In 1619 King James I., anxious to bestow an English title upon James Hamilton, 2nd marquess of Hamilton (d. 1625), created him earl of Cambridge, a title which came to his son and successor James, 3rd marquess and first duke of Hamilton (d. 1649). In 1651 when William, 2nd duke of Hamilton, died, his English title became extinct.

Again bestowed upon a member of the royal house, the title of earl of Cambridge was granted in 1659 by Charles II. to his brother Henry, duke of Gloucester, only to become extinct on Henry’s death in the following year.
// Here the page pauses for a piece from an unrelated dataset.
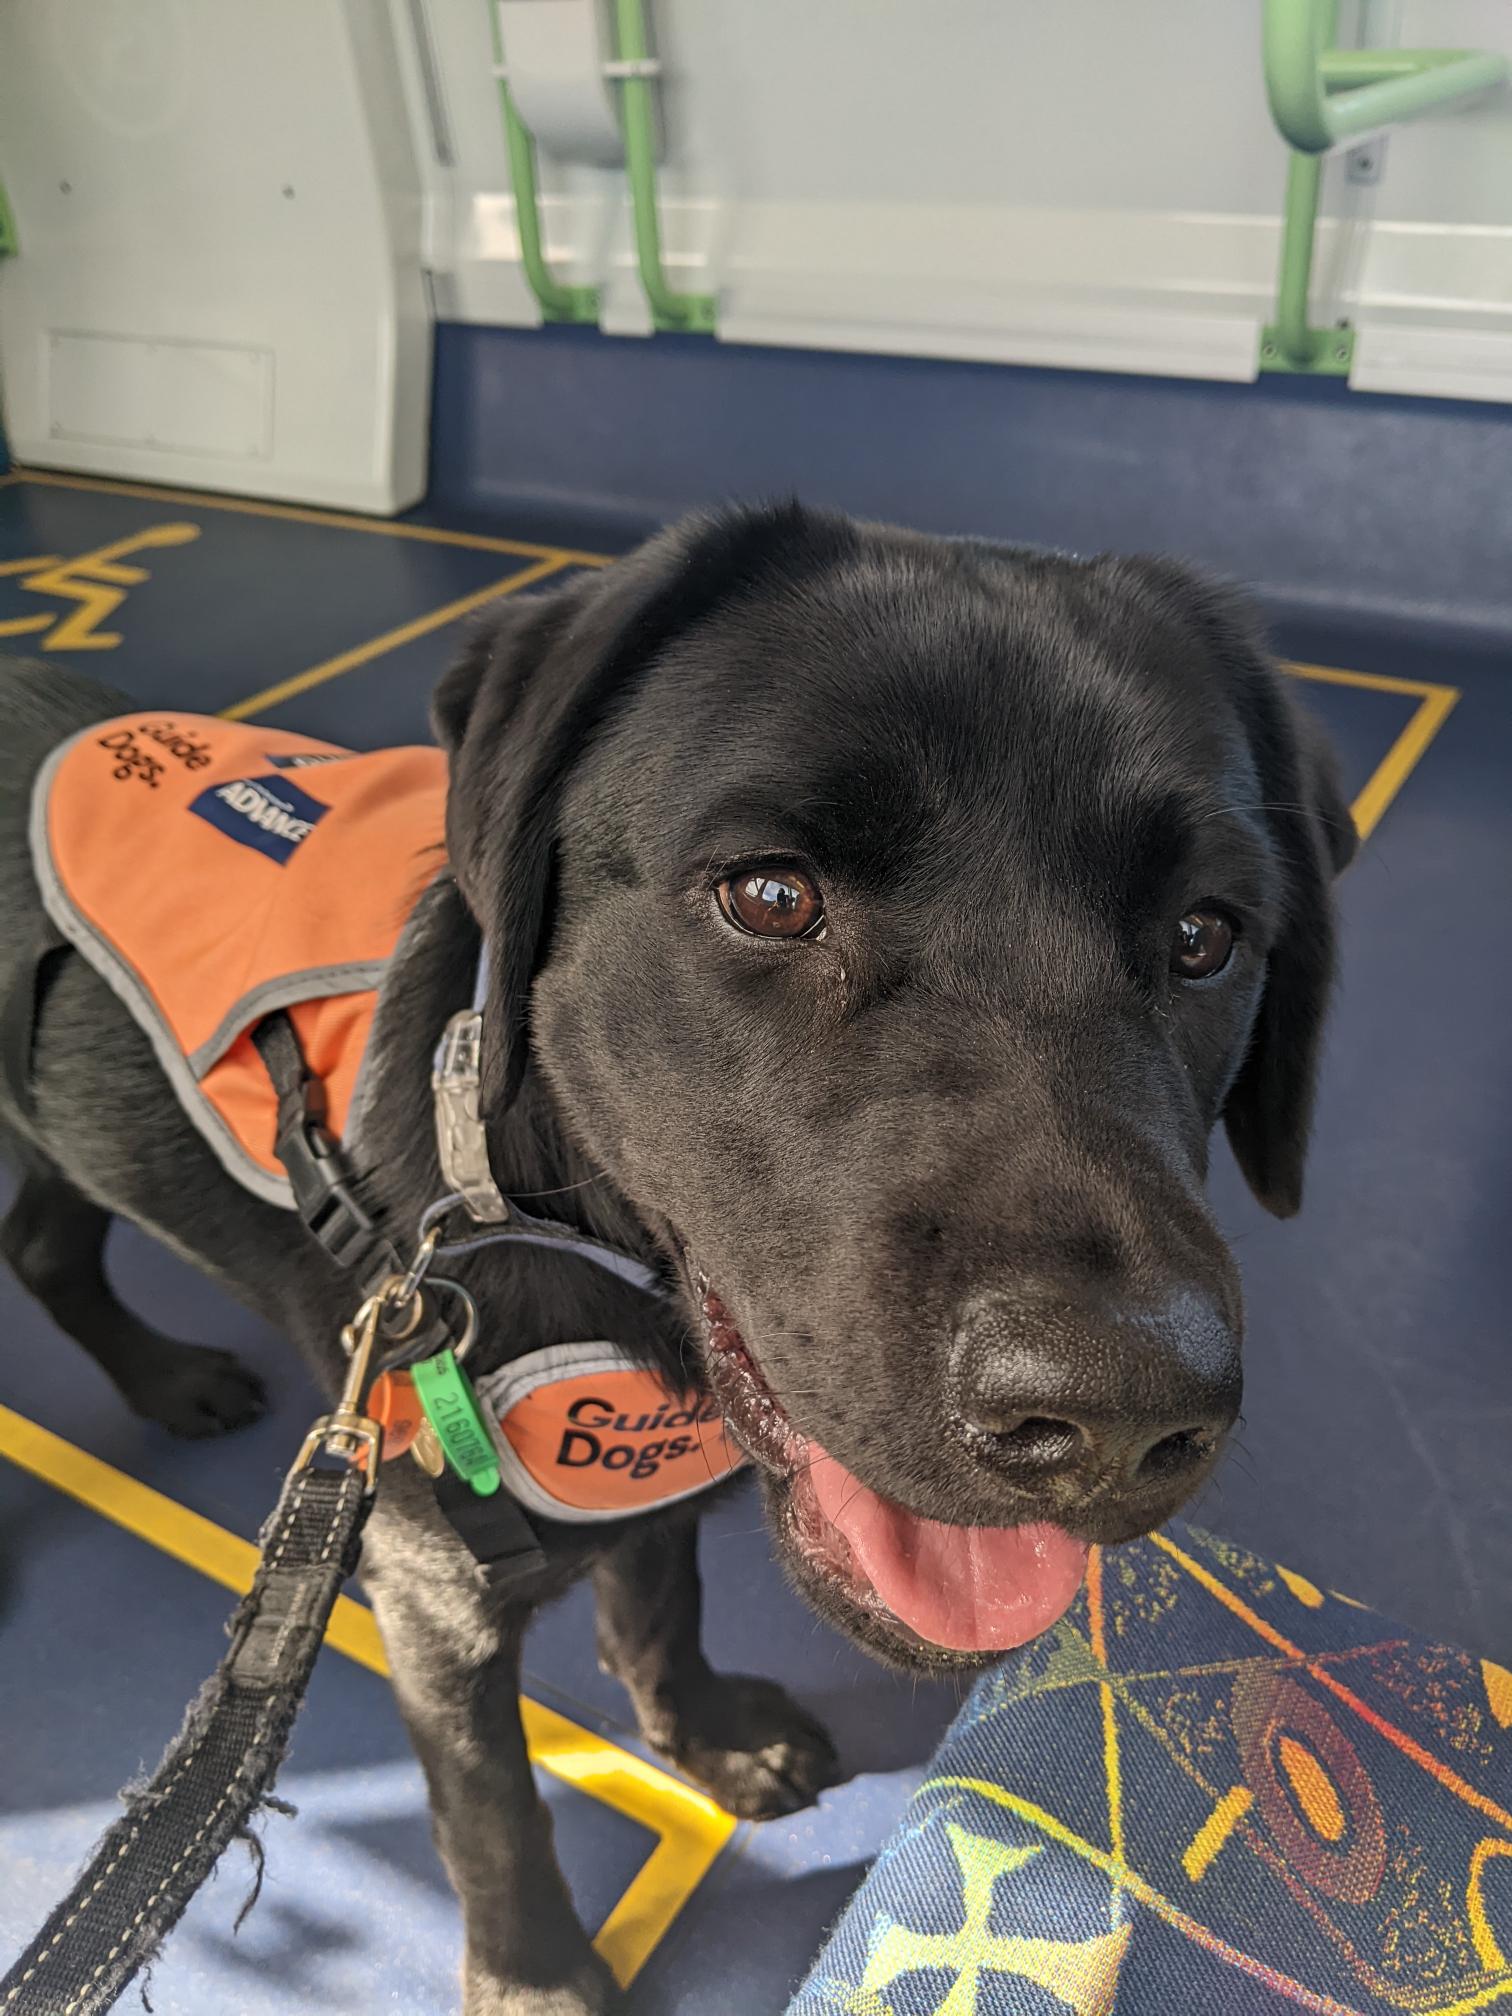 A black labrador standing inside a train. It is wearing an orange halter, a collar and lead.

In 1661 Charles, the infant son of James, duke of York, afterwards King James II., was designated as marquess and duke of Cambridge, but the child died before the necessary formalities were completed. However, two of James’s sons, James (d. 1667) and Edgar (d. 1671), were actually created in succession dukes of Cambridge, but both died in childhood. After the passing of the Act of Settlement in 1701 it was proposed to grant an English title to George Augustus, electoral prince of Hanover, who, after his grandmother, the electress Sophia, and his father, the elector George Louis, was heir to the throne of England; and to give effect to this proposal George Augustus was created marquess and duke of Cambridge in November 1706. The title lapsed when he became king of Great Britain and Ireland in 1727, but it was revived in 1801 in favour of Adolphus Frederick, the seventh son of George III. He and his son are dealt with below.
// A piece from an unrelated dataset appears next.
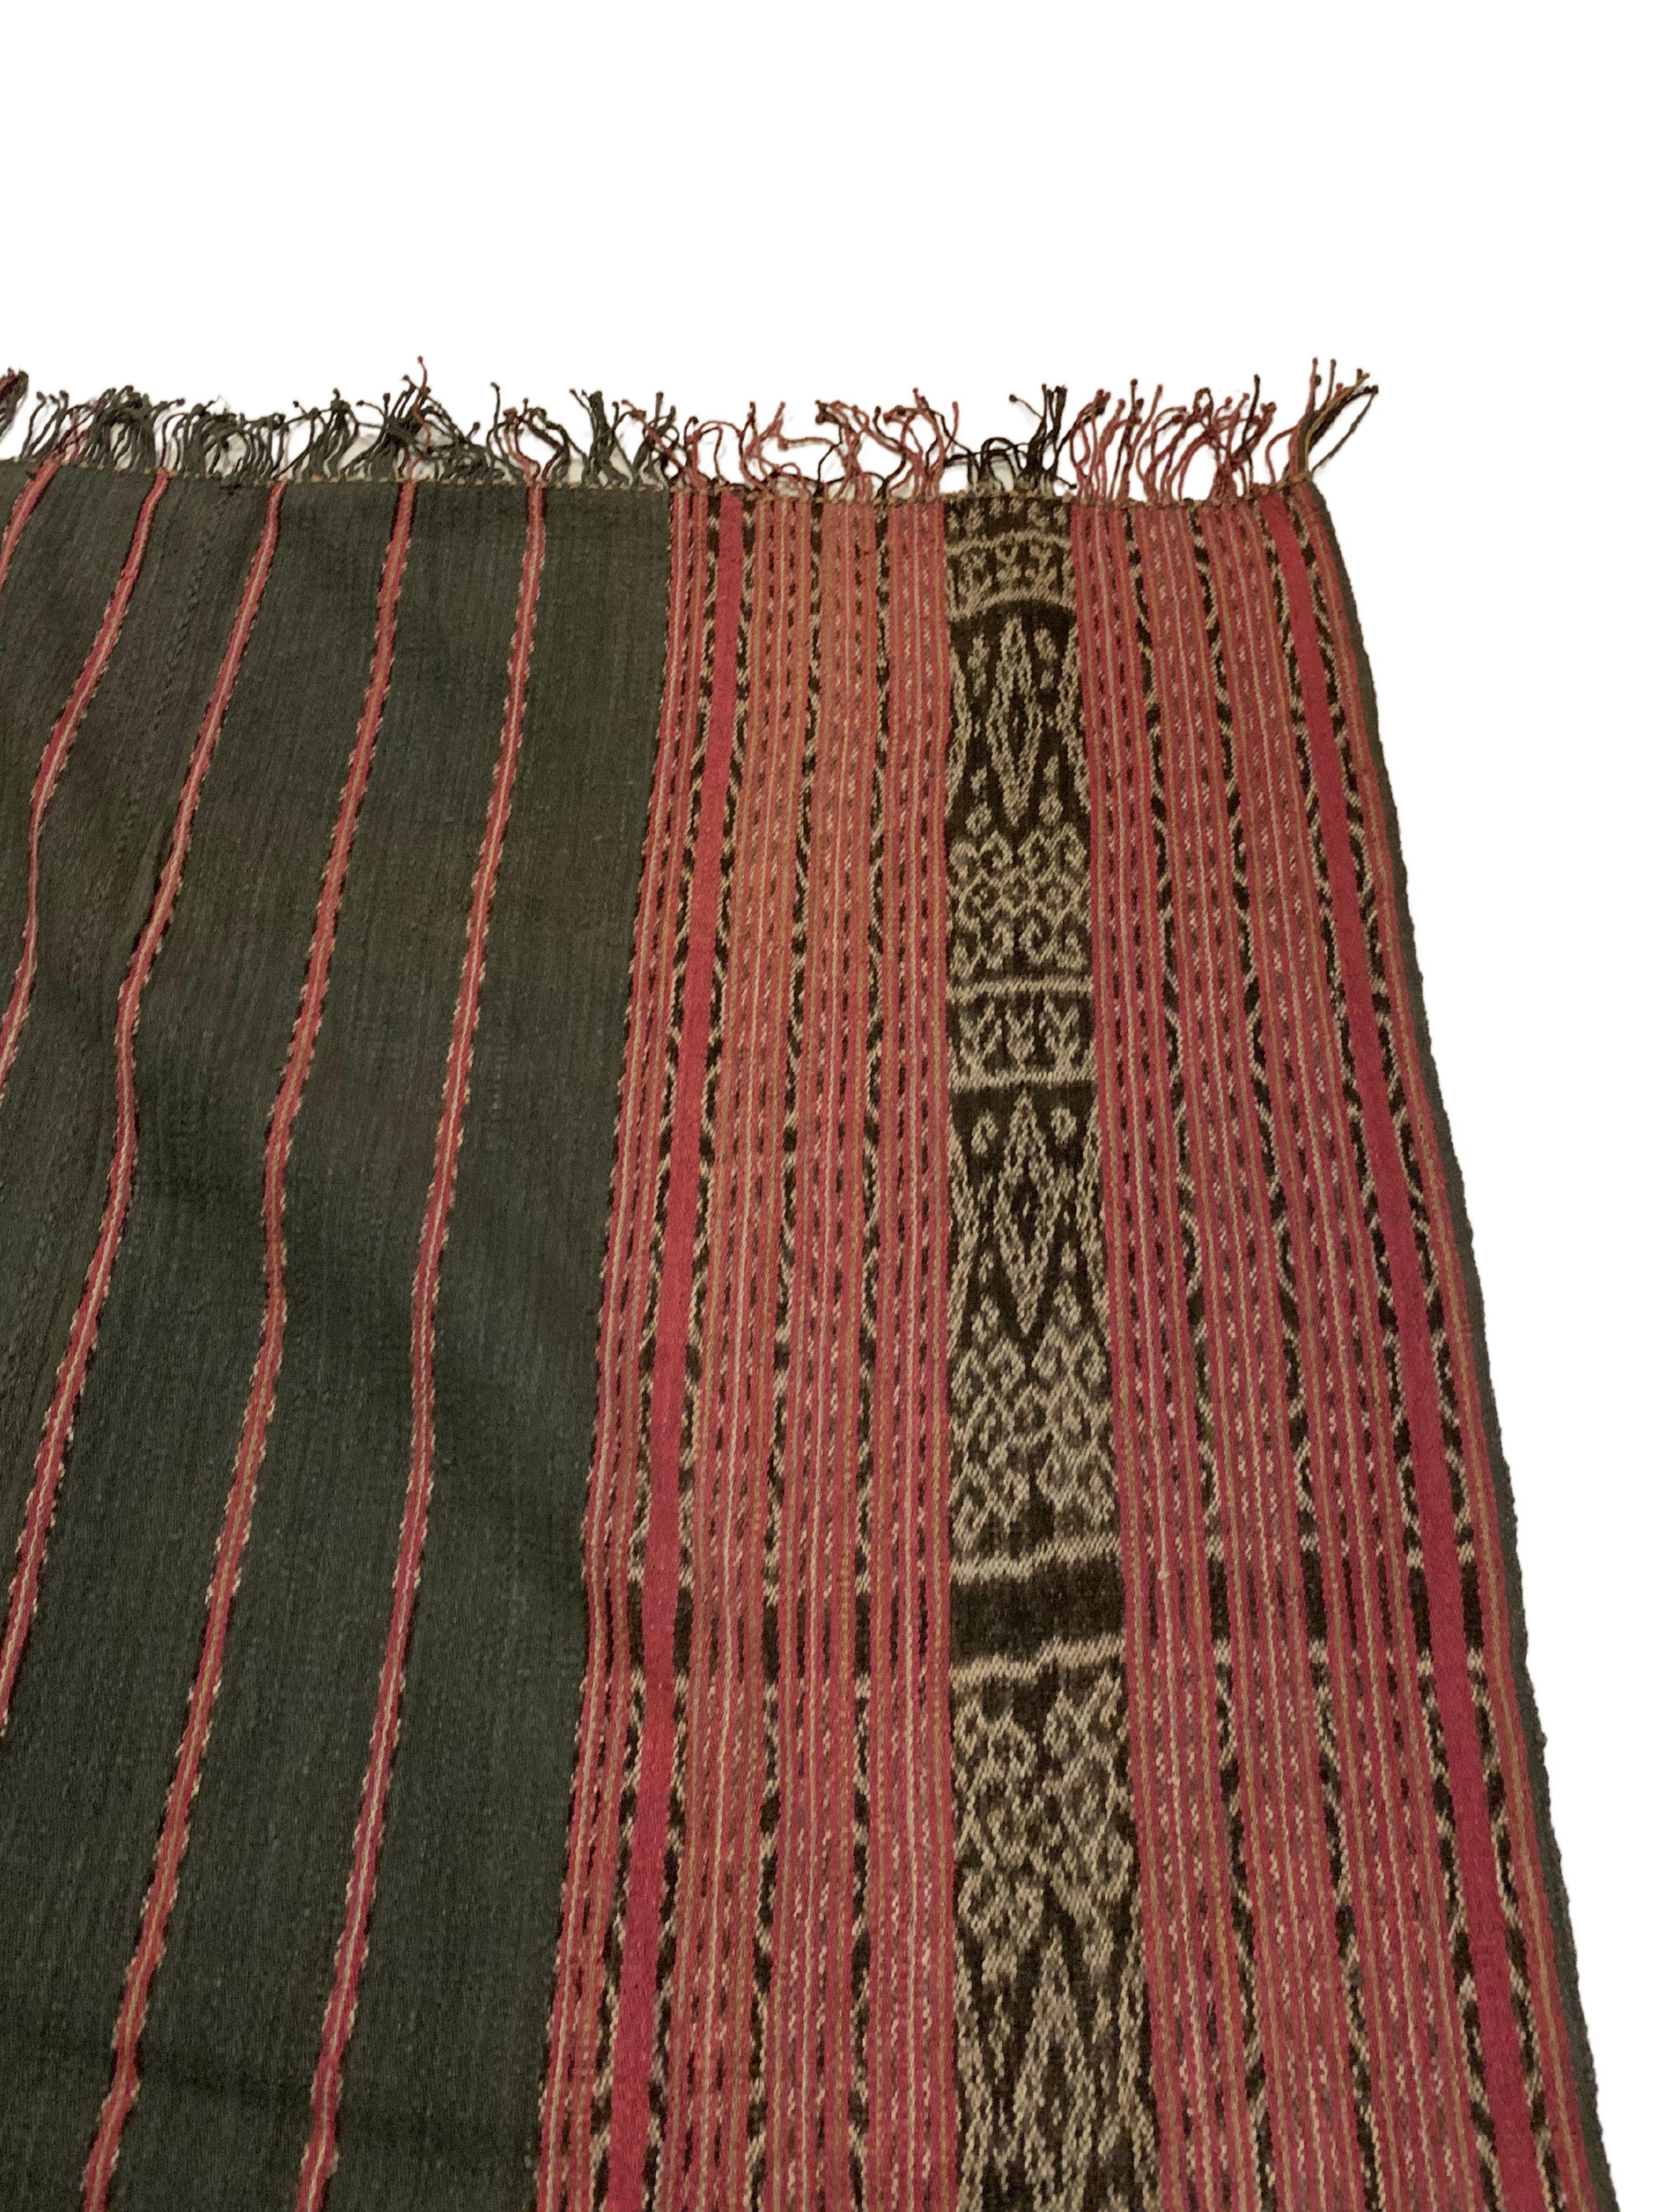 Hand-Woven Ikat Textile from Timor Stunning Tribal Motifs & Colors, Indonesia, c. 1950

Adolphus Frederick, duke of Cambridge (1774–1850), was born in London on the 24th of February 1774. Having studied at the university of Göttingen, Adolphus Frederick served in the Hanoverian and British armies, and, in November 1801, was created earl of Tipperary and duke of Cambridge, becoming a member of the privy council in the following year. The duke is chiefly known for his connexion with Hanover. In 1815, on the conclusion of the war, the electorate of Hanover was raised to the rank of a kingdom, and in the following year the duke was appointed viceroy. He held this position until the separation of Great Britain and Hanover in 1837, and displaying tact and moderation, appears to have ruled the country with great success during a difficult period. Returning to England the duke became very popular, and was active in supporting many learned and benevolent societies. He died in London on the 8th of July 1850. In 1818 he married Augusta (1797–1889), daughter of Frederick, landgrave of Hesse-Cassel. He left three children: his successor, George; Augusta Caroline (b. 1822), who married Frederick William, grand duke of Mecklenburg-Strelitz; and Mary Adelaide (1833–1897), who married Francis, duke of Teck.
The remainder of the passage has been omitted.